◆ What is required ◆
In the entries below, the lines from the one with "Set of Two Armchairs" through the one with "Image for prints" are to be copied exactly; both ends count.
---
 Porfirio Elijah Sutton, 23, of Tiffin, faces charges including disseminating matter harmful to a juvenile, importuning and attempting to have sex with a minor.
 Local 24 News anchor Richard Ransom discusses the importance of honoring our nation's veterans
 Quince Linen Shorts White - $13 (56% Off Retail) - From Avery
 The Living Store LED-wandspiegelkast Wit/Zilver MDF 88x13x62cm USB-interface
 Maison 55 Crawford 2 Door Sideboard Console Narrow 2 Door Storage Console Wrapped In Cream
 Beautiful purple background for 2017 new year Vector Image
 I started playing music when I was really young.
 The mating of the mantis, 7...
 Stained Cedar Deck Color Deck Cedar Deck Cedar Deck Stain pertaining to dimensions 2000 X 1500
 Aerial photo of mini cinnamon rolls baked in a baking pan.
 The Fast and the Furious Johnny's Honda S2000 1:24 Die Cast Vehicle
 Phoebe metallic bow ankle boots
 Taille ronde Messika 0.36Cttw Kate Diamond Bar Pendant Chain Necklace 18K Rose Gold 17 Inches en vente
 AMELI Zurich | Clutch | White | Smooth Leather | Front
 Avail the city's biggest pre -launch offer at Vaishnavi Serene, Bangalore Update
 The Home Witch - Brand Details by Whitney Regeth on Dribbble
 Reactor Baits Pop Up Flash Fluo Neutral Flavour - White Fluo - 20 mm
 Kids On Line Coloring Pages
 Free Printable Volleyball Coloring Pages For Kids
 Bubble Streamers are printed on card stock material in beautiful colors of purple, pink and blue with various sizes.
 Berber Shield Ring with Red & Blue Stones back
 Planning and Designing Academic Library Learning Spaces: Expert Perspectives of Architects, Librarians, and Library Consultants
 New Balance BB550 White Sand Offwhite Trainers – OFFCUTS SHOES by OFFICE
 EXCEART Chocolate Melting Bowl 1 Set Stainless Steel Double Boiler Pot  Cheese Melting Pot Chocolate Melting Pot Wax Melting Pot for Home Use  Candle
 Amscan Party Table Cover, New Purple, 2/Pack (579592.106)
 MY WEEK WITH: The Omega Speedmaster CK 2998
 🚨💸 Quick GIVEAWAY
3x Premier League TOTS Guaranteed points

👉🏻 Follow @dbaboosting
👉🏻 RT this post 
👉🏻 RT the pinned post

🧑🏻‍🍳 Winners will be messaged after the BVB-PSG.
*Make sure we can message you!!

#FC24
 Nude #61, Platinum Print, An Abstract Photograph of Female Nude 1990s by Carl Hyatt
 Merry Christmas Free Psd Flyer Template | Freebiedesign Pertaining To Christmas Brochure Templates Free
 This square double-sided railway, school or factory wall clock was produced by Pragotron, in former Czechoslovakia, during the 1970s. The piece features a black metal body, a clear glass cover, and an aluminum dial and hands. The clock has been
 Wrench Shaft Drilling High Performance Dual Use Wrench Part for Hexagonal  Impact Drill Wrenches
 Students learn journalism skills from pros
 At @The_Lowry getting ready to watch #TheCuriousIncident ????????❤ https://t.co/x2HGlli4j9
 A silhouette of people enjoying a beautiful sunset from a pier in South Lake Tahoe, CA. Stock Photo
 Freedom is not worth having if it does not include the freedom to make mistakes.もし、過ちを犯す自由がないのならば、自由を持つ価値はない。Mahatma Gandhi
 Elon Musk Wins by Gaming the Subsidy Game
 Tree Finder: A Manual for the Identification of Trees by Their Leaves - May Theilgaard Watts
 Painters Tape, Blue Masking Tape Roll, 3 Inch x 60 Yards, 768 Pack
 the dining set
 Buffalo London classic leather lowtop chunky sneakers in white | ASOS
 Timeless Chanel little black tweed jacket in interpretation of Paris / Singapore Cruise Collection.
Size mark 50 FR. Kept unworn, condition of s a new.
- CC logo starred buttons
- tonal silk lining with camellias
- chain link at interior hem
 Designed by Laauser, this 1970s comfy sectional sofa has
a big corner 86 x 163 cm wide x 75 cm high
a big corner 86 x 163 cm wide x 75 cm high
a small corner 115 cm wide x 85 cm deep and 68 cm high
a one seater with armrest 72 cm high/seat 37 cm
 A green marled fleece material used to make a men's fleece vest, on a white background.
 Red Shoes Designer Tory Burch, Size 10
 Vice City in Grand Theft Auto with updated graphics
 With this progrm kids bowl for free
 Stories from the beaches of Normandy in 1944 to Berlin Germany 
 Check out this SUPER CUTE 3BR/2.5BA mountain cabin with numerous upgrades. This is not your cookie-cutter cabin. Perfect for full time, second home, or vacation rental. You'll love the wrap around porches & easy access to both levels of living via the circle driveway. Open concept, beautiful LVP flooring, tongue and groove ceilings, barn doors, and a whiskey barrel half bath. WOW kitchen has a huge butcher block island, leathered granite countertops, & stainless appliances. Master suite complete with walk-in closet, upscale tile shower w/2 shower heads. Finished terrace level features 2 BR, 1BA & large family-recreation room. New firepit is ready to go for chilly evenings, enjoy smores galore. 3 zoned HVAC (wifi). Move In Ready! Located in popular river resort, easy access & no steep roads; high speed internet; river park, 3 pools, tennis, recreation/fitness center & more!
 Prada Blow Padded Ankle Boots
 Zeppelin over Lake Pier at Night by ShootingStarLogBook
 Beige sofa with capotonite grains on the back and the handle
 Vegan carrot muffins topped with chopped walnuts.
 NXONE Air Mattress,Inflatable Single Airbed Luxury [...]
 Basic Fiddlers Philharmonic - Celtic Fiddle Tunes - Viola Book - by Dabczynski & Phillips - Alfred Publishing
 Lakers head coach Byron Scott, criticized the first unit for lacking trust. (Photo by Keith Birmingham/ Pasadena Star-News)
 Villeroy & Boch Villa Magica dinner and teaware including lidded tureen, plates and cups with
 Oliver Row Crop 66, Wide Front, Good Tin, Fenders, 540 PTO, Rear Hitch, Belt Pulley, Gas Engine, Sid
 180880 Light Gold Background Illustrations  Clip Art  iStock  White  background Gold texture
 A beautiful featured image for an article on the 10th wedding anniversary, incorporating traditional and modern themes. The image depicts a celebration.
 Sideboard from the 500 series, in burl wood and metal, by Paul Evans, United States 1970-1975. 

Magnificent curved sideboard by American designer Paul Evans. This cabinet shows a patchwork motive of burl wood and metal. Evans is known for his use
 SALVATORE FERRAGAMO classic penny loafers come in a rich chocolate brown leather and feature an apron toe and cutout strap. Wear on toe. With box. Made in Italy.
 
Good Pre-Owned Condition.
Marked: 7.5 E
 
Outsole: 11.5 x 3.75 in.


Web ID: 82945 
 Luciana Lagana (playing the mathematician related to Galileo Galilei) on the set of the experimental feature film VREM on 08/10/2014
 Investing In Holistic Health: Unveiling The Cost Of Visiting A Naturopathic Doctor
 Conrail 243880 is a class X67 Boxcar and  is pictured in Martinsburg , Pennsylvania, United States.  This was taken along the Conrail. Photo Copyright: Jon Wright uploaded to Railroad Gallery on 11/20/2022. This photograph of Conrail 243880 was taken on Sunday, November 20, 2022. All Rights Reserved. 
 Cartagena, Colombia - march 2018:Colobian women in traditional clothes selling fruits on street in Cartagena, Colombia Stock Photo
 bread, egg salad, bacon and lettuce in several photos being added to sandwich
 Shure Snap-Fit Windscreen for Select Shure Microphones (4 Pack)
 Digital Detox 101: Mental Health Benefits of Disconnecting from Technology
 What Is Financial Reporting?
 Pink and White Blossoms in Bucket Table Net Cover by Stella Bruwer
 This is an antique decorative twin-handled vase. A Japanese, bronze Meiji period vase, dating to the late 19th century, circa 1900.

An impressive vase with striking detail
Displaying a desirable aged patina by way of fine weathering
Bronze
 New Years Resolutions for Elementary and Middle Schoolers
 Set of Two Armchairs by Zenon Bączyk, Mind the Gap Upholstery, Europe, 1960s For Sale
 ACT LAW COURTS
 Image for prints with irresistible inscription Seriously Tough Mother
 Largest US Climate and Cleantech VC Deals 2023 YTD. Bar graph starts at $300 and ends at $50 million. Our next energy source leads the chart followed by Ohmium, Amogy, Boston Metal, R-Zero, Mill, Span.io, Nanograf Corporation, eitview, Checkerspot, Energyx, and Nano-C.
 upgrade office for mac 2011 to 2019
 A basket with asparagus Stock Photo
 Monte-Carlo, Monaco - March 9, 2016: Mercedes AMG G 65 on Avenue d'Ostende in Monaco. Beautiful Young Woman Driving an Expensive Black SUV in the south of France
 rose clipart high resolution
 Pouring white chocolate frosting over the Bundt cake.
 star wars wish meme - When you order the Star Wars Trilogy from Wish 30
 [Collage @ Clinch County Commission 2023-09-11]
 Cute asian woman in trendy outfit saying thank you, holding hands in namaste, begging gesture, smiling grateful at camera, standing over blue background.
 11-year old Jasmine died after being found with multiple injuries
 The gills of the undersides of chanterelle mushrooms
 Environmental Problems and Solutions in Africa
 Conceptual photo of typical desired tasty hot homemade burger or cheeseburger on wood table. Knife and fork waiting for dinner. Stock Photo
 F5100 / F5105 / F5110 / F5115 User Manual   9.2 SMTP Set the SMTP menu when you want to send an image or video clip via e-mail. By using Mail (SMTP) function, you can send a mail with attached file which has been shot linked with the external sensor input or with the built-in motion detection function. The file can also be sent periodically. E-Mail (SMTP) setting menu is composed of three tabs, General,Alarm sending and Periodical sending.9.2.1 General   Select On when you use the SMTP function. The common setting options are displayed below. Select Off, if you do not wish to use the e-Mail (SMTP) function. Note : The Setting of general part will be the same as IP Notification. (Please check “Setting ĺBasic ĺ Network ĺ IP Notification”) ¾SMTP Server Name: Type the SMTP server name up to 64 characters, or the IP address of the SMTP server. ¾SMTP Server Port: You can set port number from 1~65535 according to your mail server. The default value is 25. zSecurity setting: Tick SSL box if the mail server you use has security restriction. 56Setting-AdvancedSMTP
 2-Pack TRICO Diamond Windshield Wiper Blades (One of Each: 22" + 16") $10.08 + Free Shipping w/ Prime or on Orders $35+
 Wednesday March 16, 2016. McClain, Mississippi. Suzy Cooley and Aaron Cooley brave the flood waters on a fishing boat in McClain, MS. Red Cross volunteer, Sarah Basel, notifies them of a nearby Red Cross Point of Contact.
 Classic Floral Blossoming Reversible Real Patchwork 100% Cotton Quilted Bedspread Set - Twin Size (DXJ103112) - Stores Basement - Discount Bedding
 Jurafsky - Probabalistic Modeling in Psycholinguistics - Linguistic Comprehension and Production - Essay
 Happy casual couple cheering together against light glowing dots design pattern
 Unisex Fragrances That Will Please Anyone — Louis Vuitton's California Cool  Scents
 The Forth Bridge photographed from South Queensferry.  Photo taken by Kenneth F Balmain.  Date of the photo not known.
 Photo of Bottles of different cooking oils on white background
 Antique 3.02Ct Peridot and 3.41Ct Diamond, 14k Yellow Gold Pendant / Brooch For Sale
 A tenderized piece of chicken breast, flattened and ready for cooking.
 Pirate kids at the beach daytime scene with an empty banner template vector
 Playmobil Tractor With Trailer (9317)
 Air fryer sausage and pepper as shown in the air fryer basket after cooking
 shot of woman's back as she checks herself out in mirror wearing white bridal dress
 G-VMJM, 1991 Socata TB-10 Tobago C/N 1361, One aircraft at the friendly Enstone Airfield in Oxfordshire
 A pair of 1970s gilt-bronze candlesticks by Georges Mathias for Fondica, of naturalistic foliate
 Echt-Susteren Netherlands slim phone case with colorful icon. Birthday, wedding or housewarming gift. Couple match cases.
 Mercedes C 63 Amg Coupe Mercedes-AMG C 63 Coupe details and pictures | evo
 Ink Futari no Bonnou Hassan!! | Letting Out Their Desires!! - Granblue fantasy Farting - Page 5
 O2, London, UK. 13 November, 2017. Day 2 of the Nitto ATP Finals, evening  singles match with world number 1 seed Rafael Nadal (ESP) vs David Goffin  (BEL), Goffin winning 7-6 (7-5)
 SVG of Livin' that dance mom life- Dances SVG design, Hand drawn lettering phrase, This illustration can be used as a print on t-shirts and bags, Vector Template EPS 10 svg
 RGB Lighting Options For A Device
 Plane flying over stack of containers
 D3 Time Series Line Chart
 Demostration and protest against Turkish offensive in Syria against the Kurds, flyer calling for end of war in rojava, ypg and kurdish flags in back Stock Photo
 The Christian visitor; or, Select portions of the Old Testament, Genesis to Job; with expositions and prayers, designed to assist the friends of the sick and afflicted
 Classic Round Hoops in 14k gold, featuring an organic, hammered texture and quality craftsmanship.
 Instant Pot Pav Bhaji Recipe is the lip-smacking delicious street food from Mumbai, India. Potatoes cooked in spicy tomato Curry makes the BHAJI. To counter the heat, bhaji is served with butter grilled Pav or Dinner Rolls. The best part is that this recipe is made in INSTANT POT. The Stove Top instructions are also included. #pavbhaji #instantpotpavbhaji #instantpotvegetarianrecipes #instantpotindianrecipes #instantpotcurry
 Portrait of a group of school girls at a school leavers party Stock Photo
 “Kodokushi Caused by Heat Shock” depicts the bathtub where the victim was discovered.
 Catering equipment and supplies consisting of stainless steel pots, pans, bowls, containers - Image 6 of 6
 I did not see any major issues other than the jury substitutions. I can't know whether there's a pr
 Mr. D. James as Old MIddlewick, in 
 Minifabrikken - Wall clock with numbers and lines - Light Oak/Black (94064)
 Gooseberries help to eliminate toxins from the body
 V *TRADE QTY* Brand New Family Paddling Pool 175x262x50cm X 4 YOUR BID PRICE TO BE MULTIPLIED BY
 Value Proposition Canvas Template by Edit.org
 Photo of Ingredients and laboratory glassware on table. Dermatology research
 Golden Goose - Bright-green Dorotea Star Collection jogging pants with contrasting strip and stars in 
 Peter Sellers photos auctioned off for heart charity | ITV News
---
◆ Answer to this exercise ◆
 Set of Two Armchairs by Zenon Bączyk, Mind the Gap Upholstery, Europe, 1960s For Sale
 ACT LAW COURTS
 Image for prints with irresistible inscription Seriously Tough Mother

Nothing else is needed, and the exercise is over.